» **Data shown**
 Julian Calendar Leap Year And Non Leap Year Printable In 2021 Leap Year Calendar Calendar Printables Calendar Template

* * *

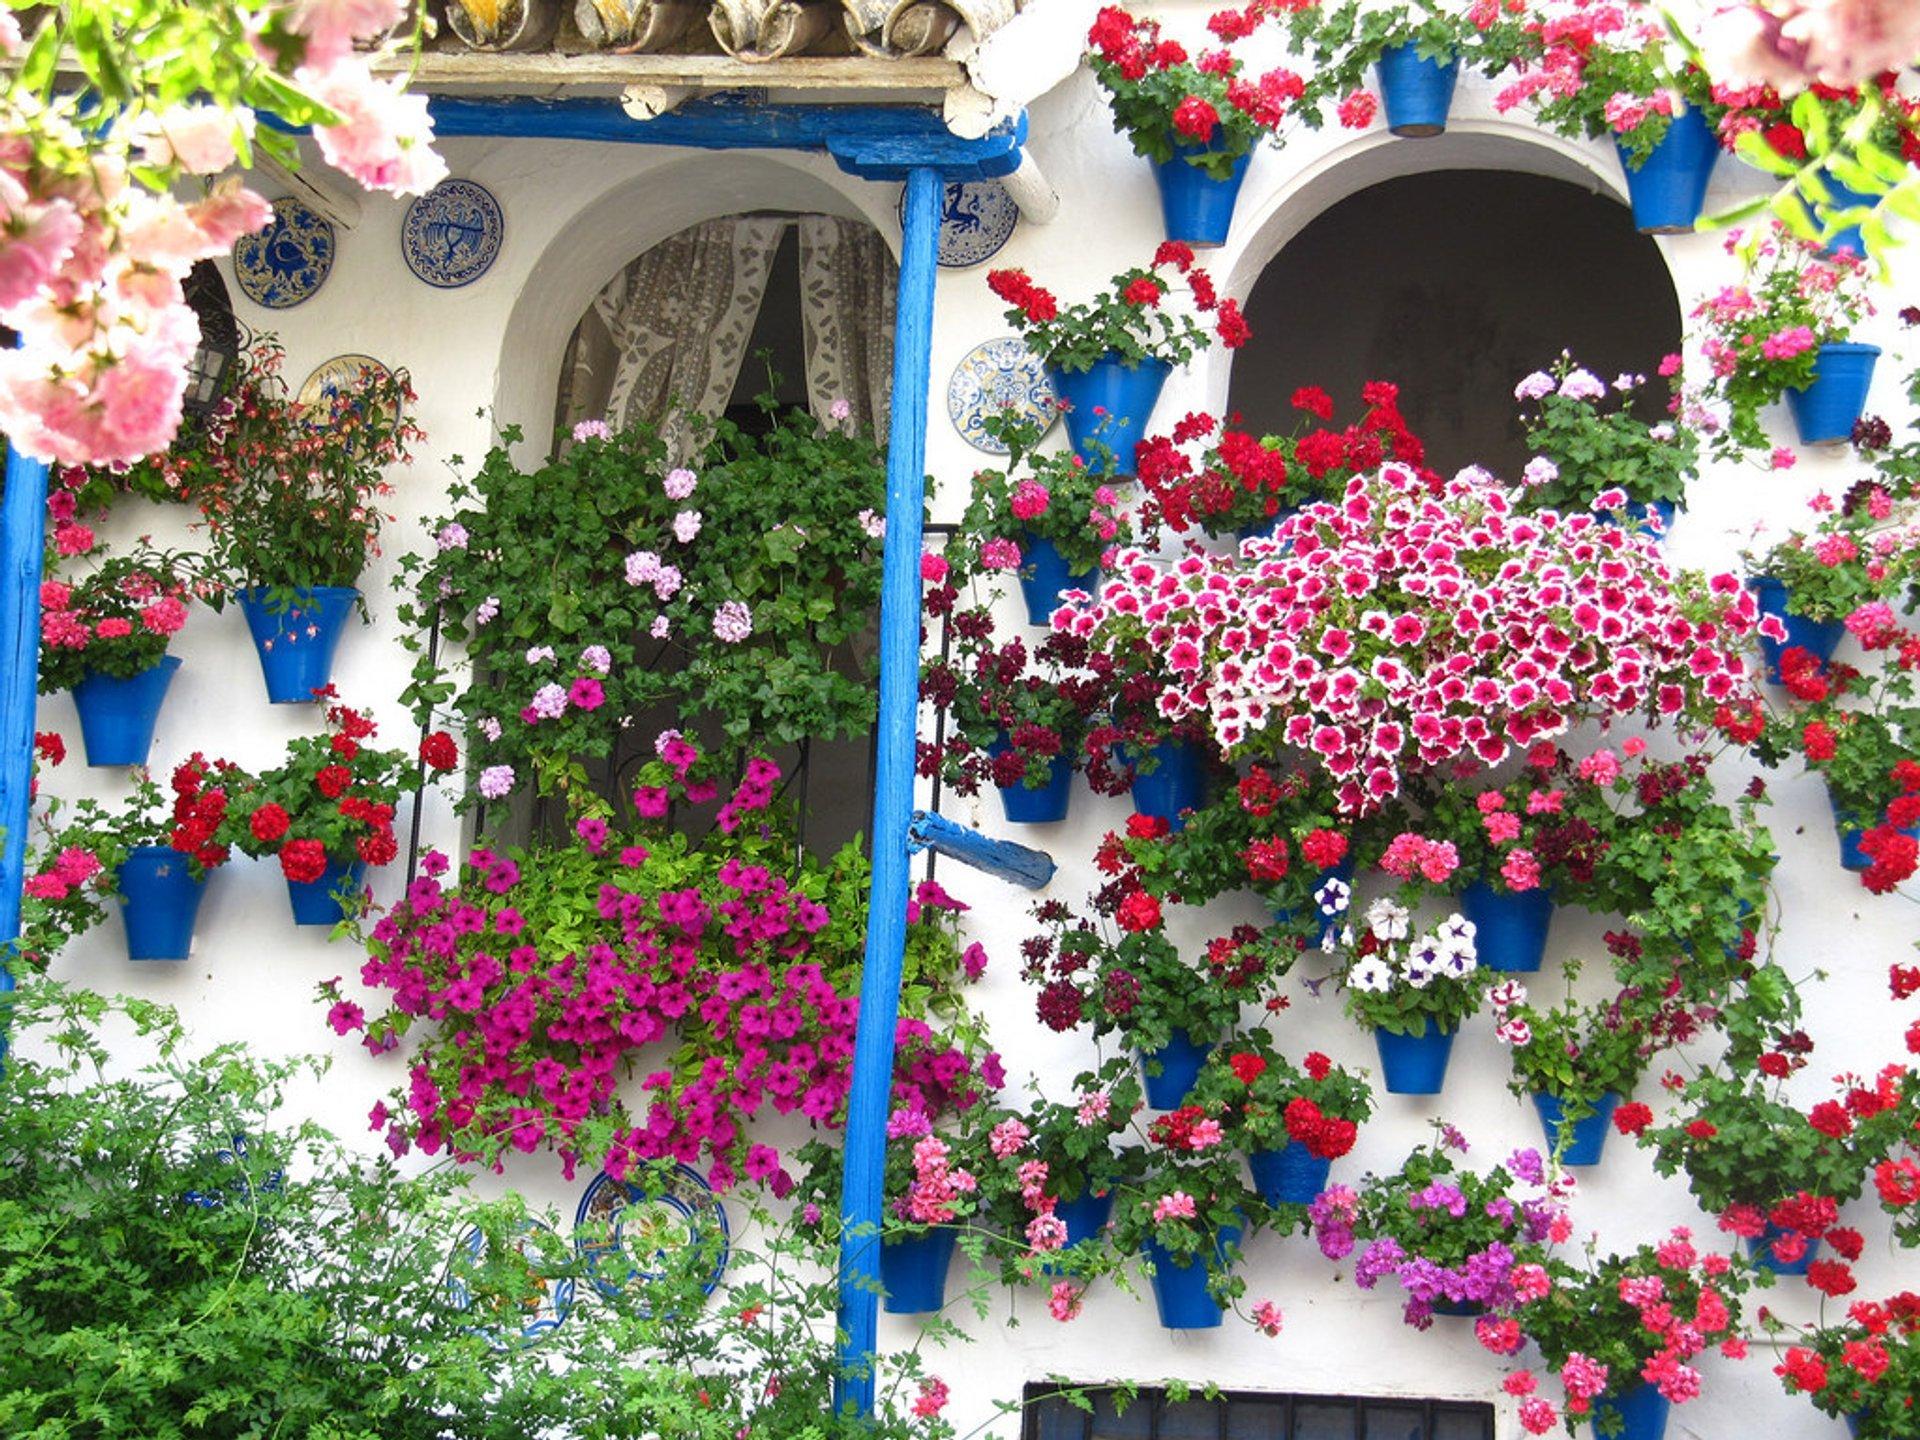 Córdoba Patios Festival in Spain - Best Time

* * *

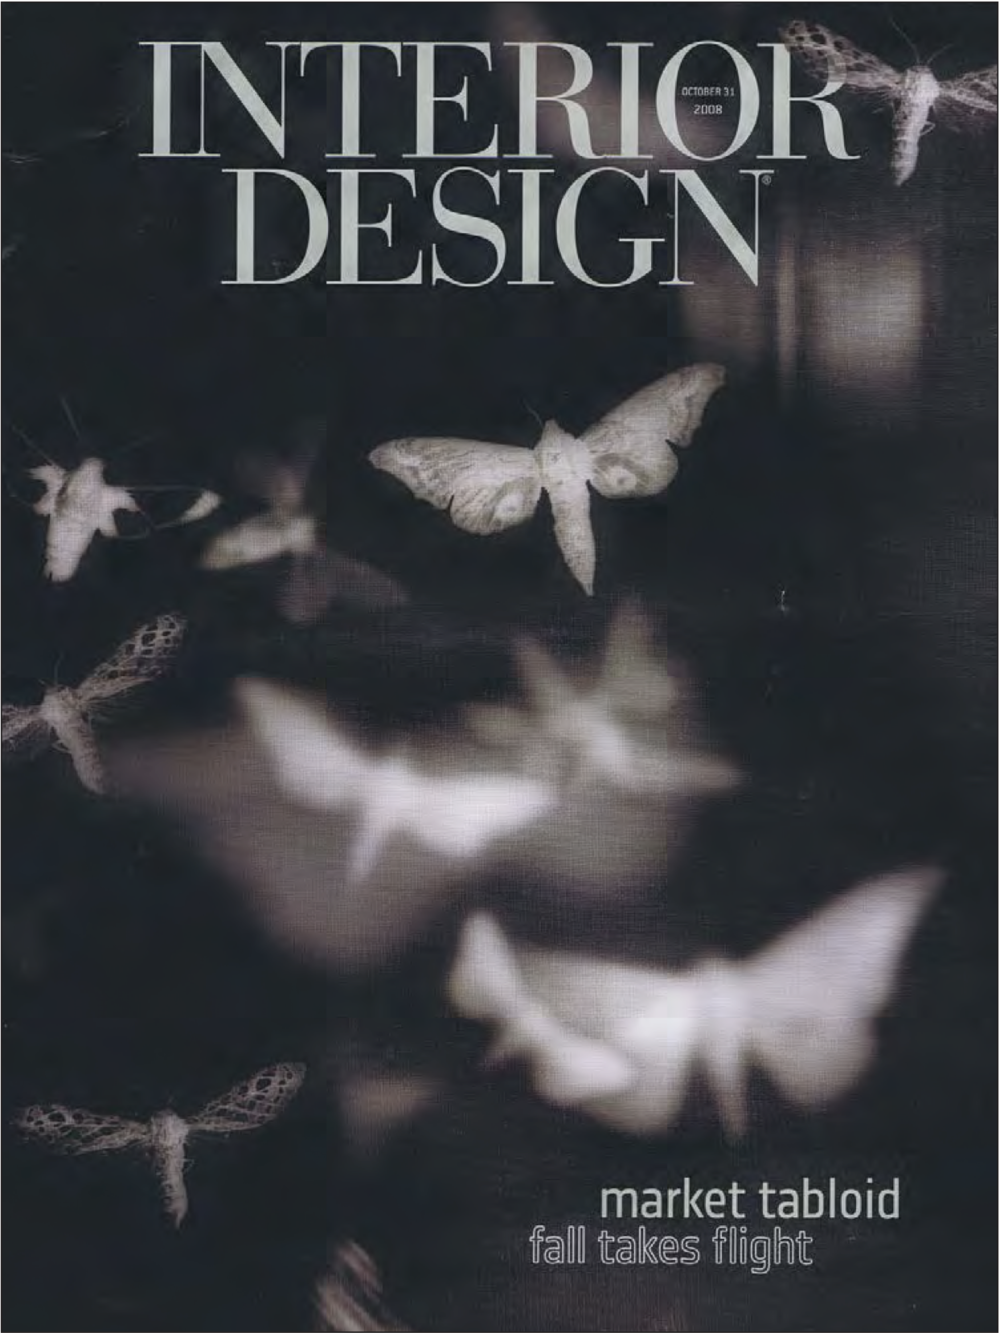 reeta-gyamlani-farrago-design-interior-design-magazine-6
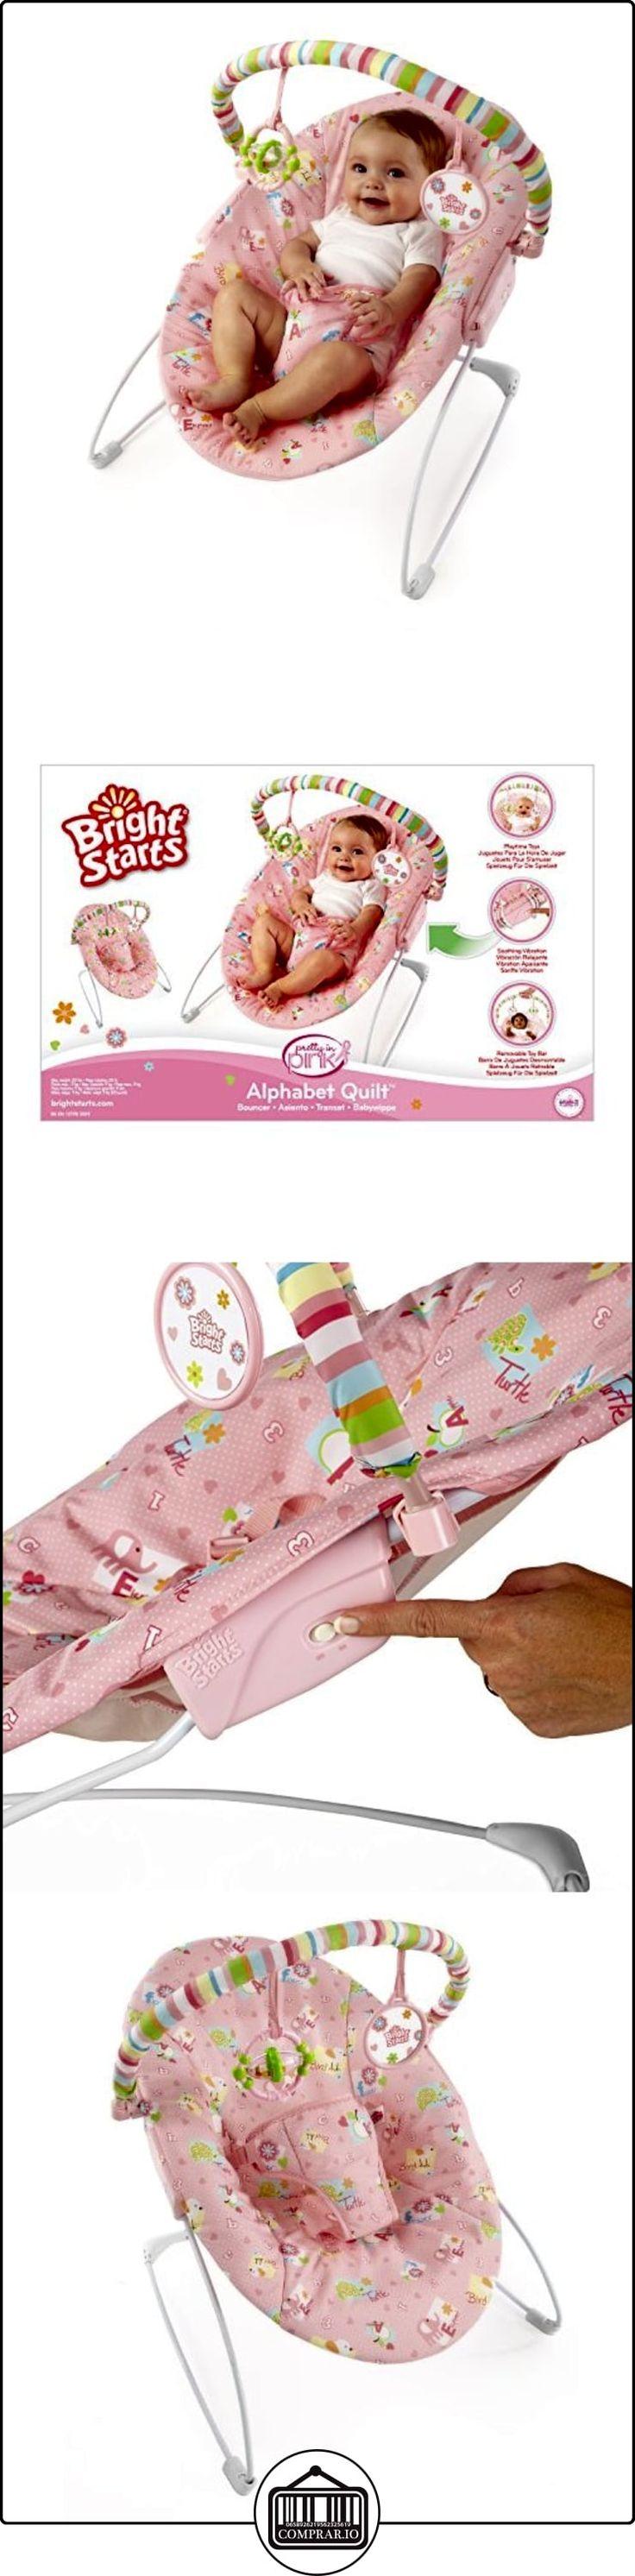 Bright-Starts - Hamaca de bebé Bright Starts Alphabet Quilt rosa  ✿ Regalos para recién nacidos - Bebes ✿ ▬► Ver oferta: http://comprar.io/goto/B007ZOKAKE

» **Work order**
Without the pictures, set down the lines above from the line with "reeta-gyamlani-farrago-design-interior-design-magazine-6" up to and including the line with "Bright-Starts - Hamaca" exactly as they stand.

» **Finished exercise**
 reeta-gyamlani-farrago-design-interior-design-magazine-6
 Bright-Starts - Hamaca de bebé Bright Starts Alphabet Quilt rosa  ✿ Regalos para recién nacidos - Bebes ✿ ▬► Ver oferta: http://comprar.io/goto/B007ZOKAKE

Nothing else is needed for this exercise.